The response should contain all of the data below, reproduced exactly, and no pictures.

Raw data Block Start

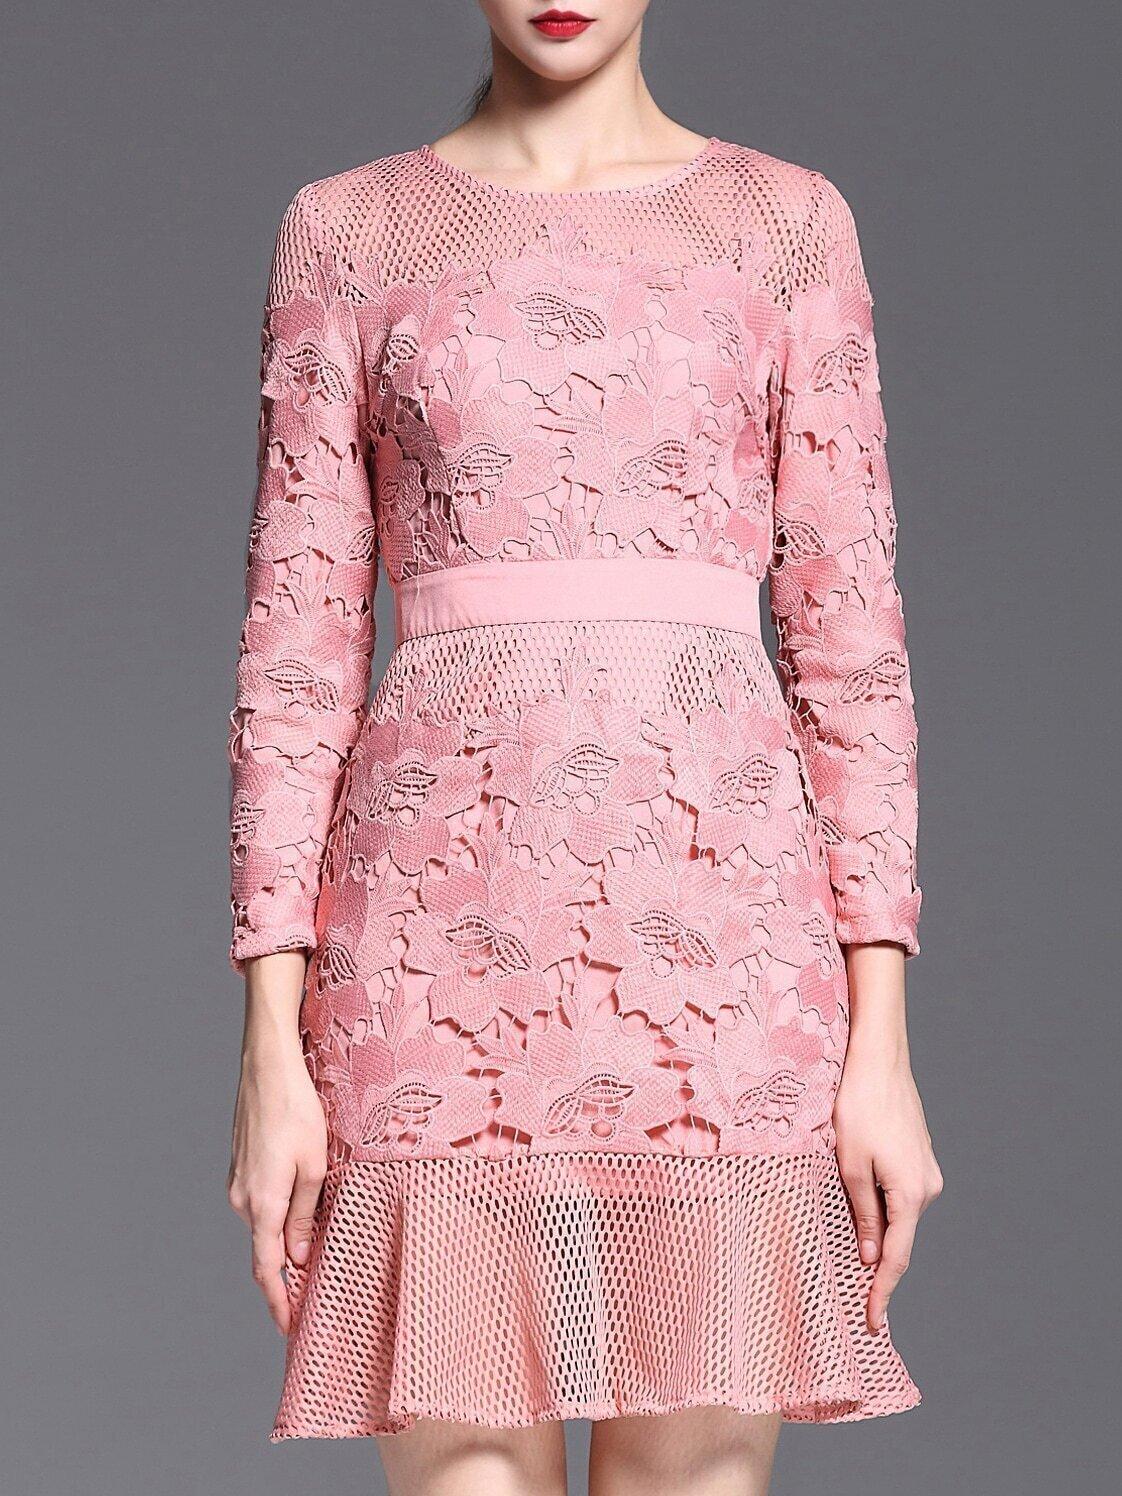 Pink Round Neck Long Sleeve Crochet Dress
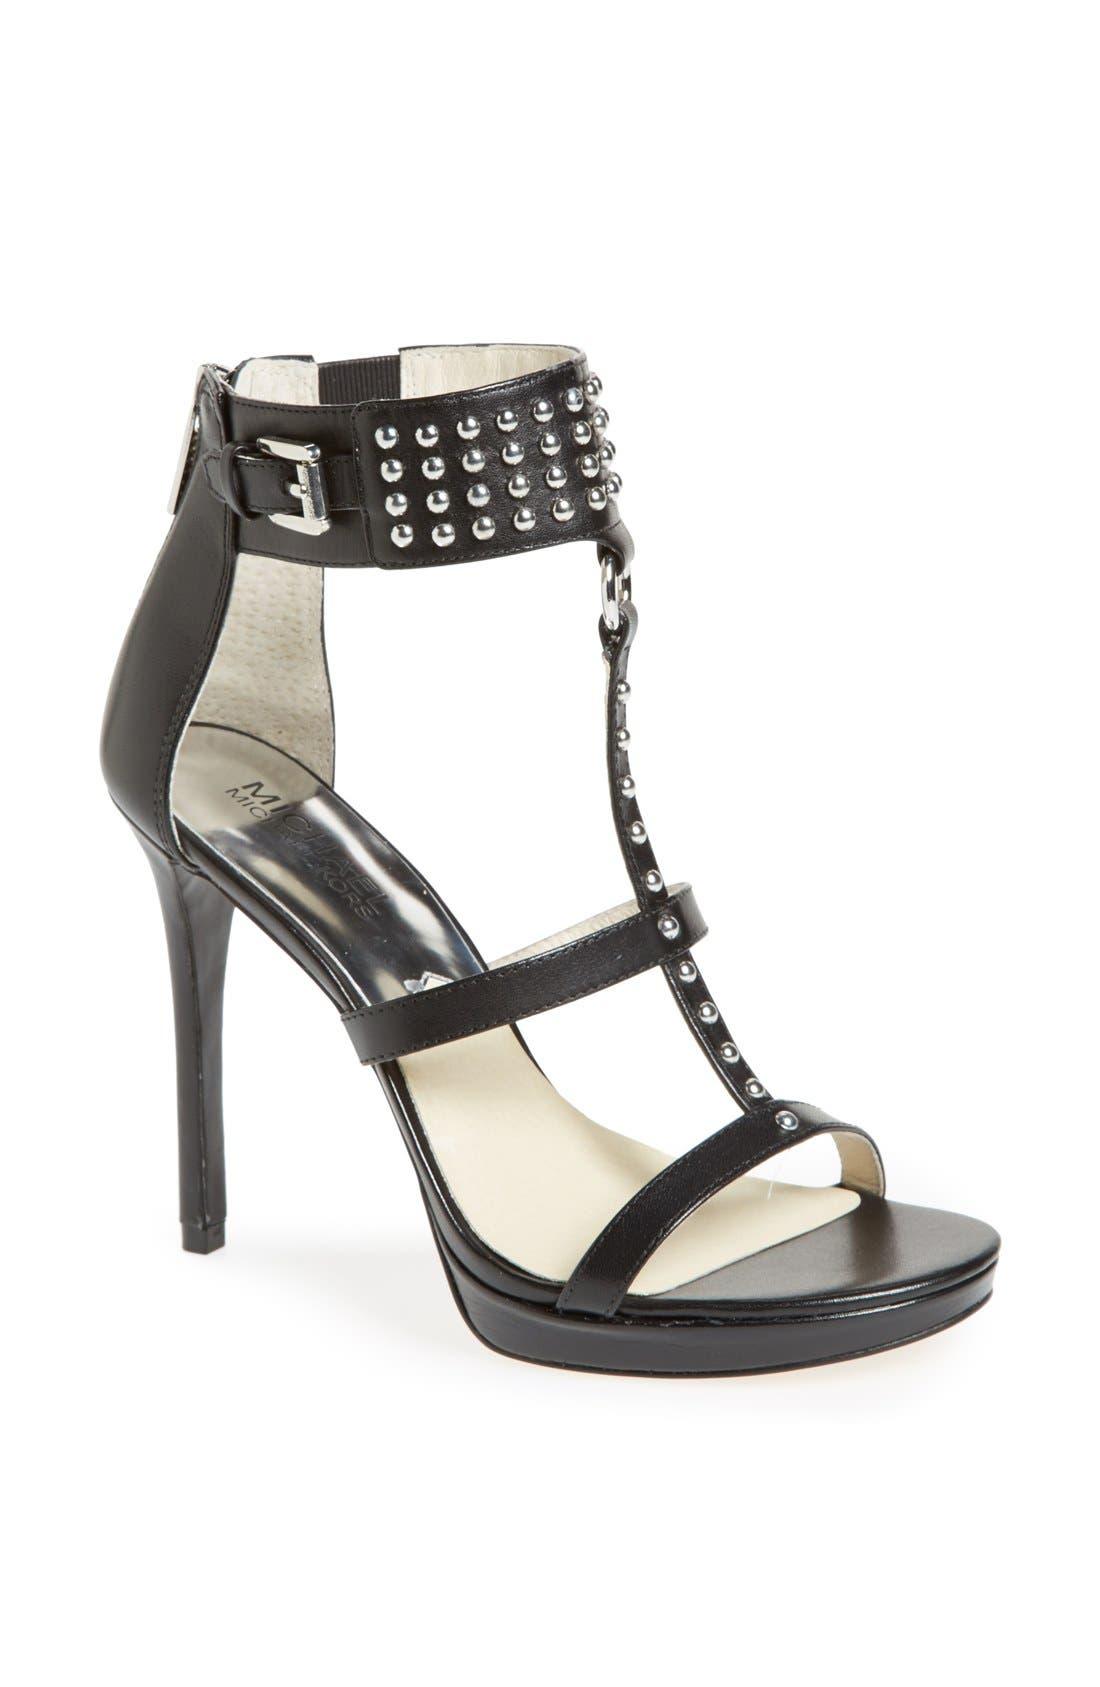 Main Image - MICHAEL Michael Kors 'Celena' Studded Leather Sandal
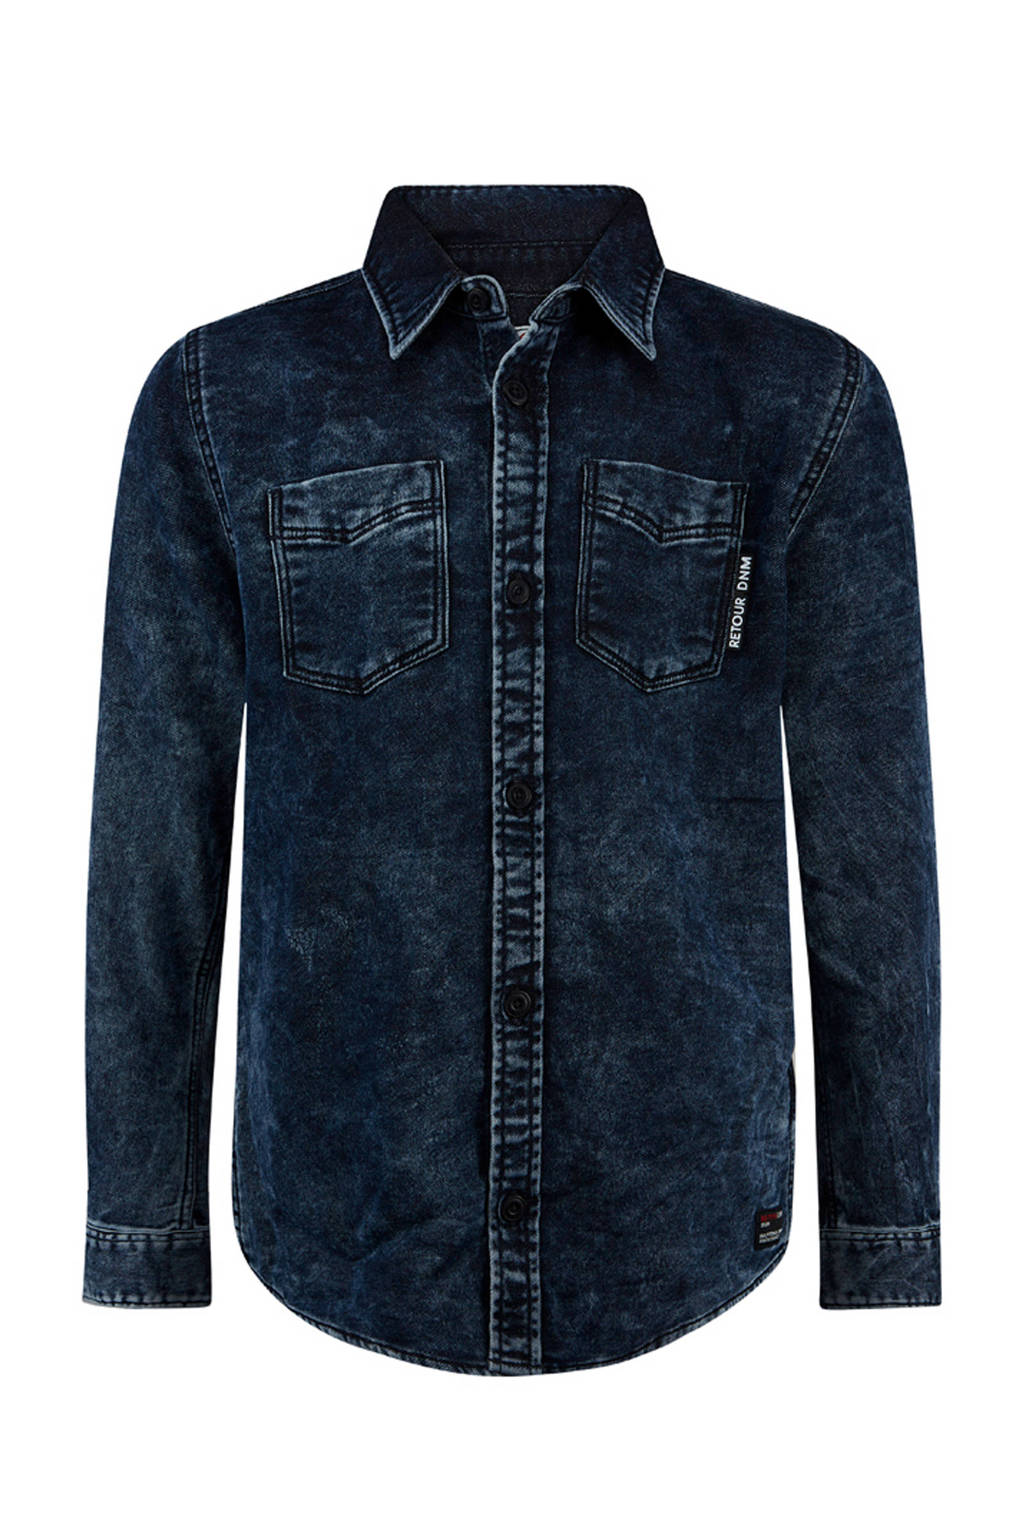 Retour Denim overhemd Sjors indigo blauw, Indigo blauw

Raw data Block End

Expected answer:
 Pink Round Neck Long Sleeve Crochet Dress
 Main Image - MICHAEL Michael Kors 'Celena' Studded Leather Sandal
 Retour Denim overhemd Sjors indigo blauw, Indigo blauw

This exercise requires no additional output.